# [What to do]
Exclude the pictures and reproduce the remaining data exactly as written.

(Extracted data entries)
* * * * * * *
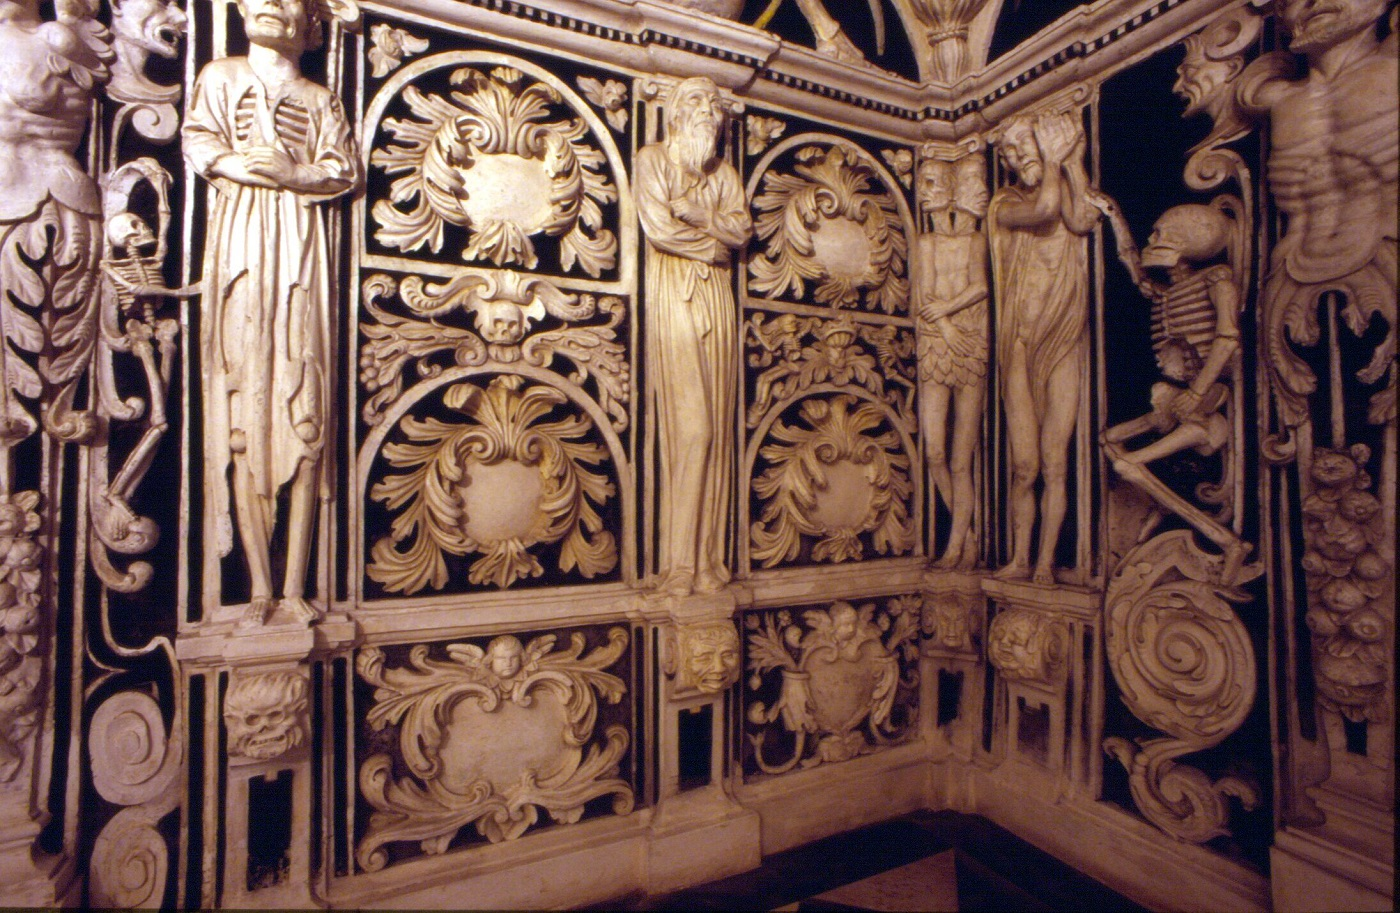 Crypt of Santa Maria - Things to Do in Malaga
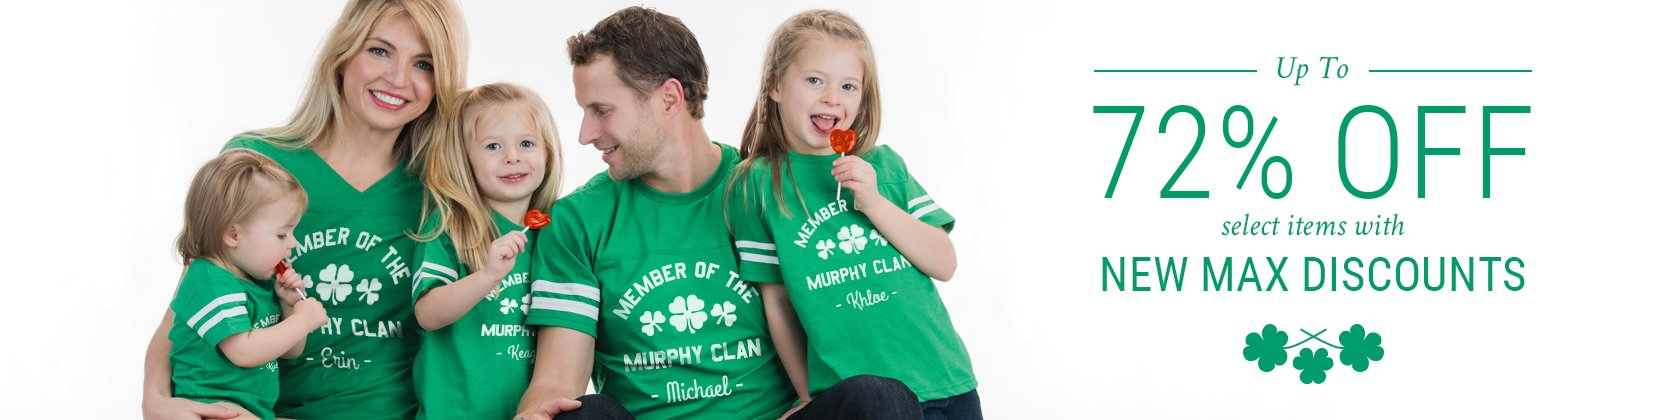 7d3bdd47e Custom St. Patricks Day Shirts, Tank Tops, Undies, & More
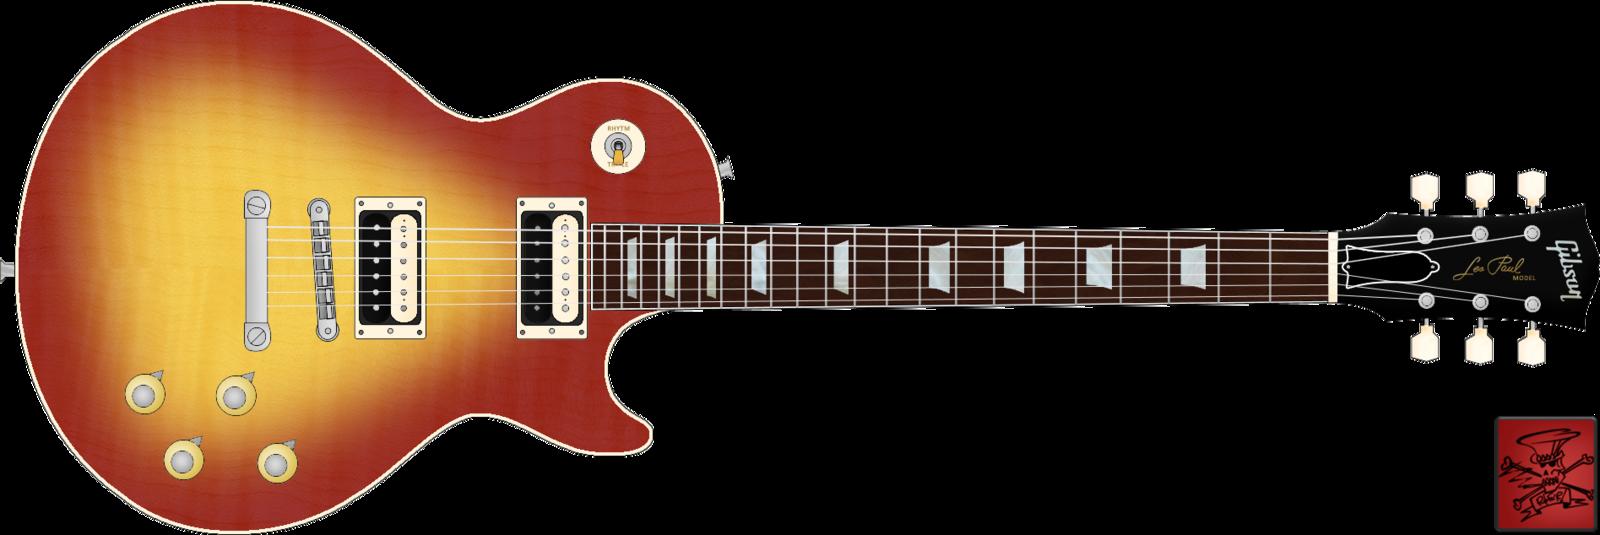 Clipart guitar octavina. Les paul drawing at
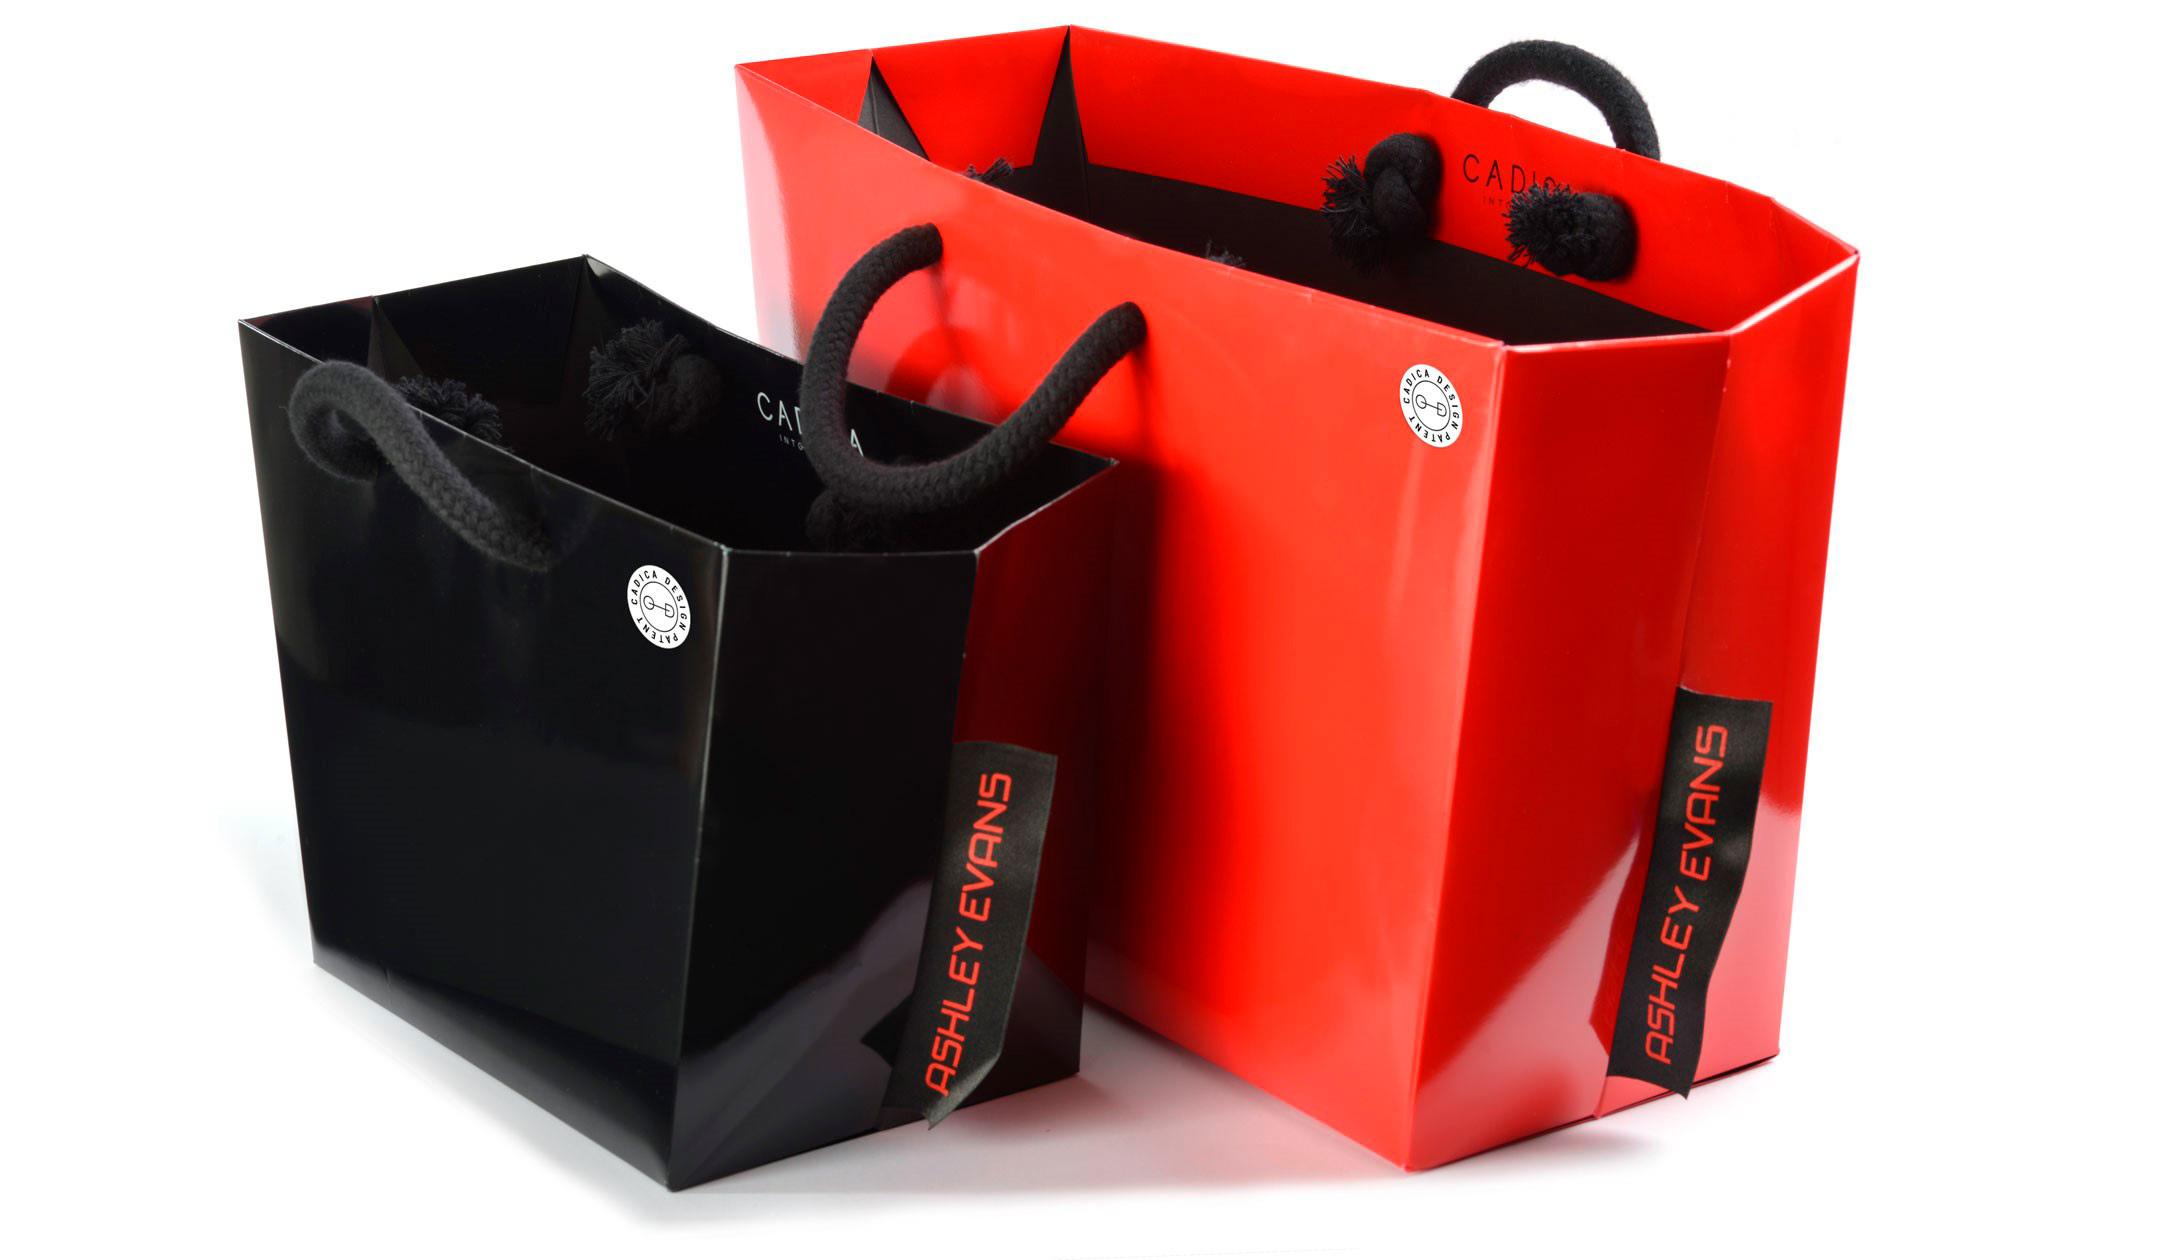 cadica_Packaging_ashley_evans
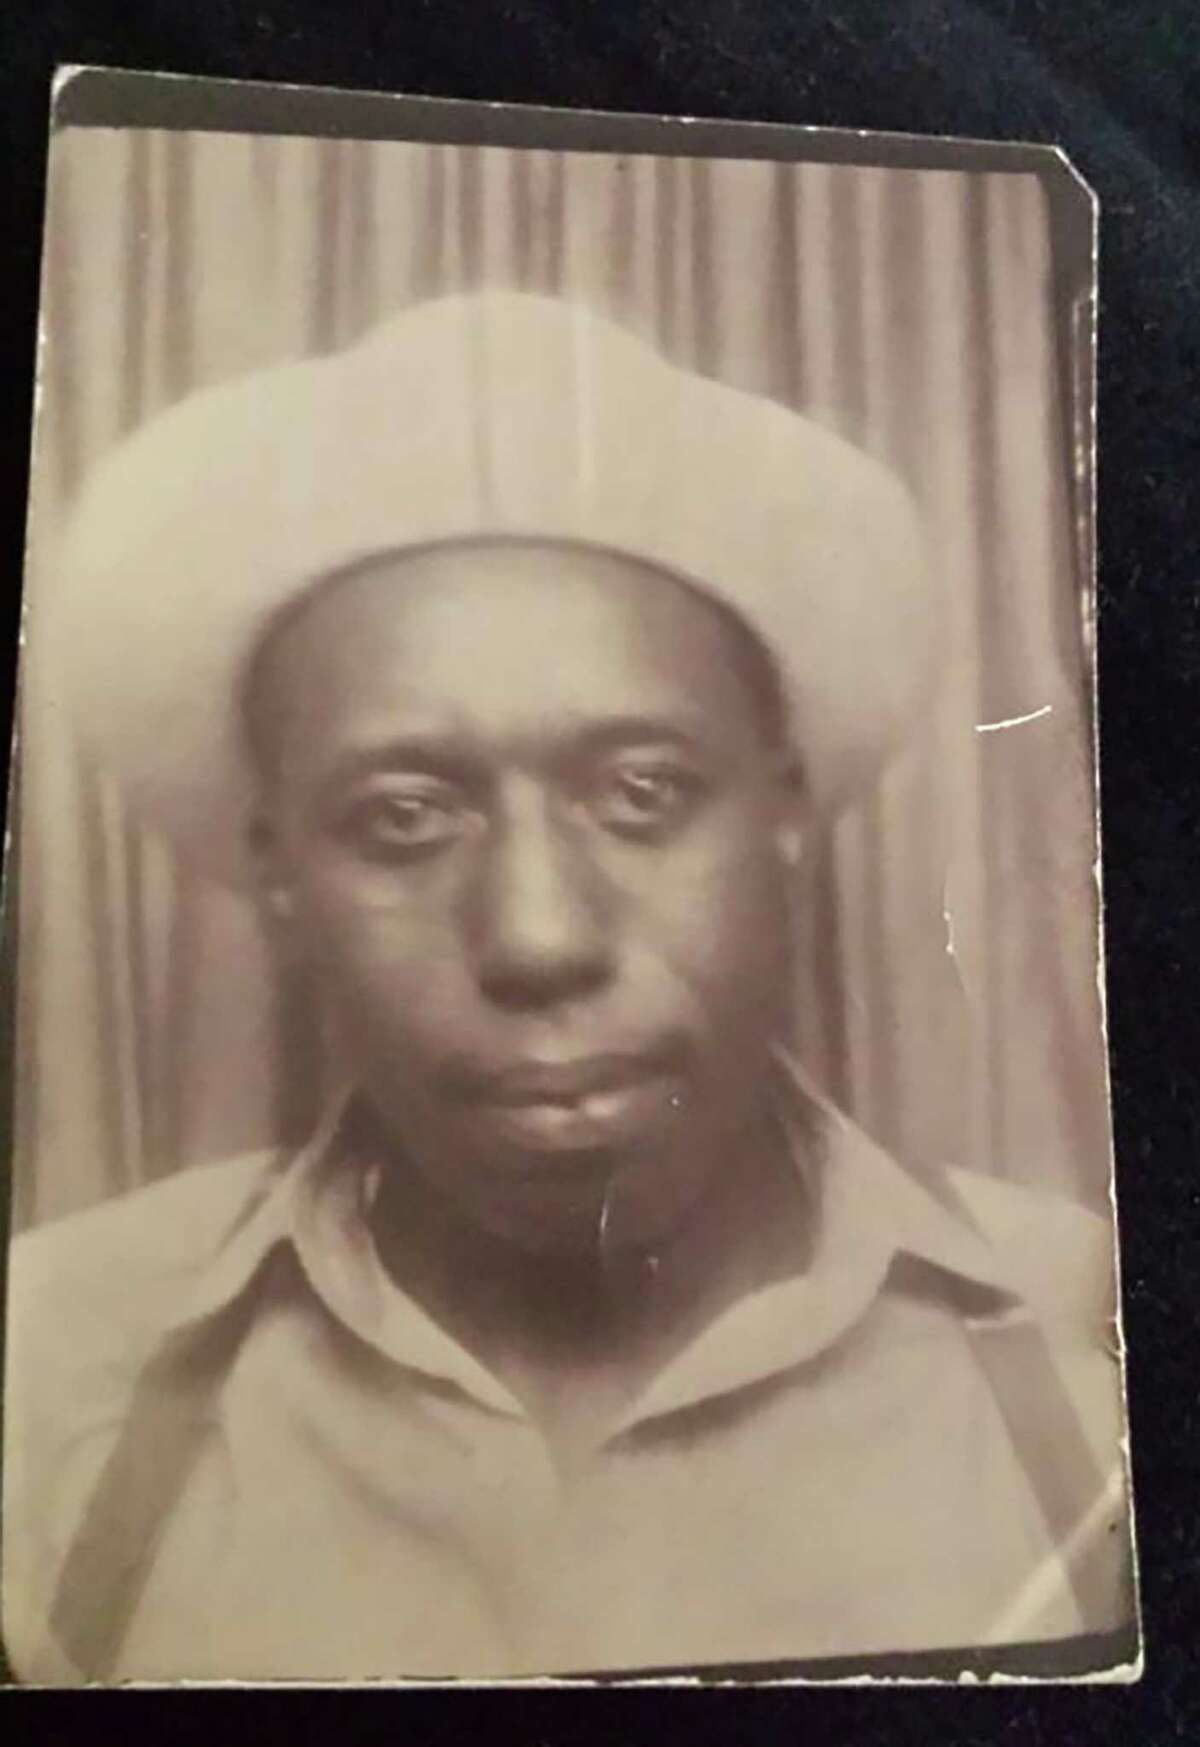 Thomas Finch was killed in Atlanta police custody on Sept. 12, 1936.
* * * * * * *
# [Result of the task]
 Crypt of Santa Maria - Things to Do in Malaga
 7d3bdd47e Custom St. Patricks Day Shirts, Tank Tops, Undies, & More
 Clipart guitar octavina. Les paul drawing at
 cadica_Packaging_ashley_evans
 Thomas Finch was killed in Atlanta police custody on Sept. 12, 1936.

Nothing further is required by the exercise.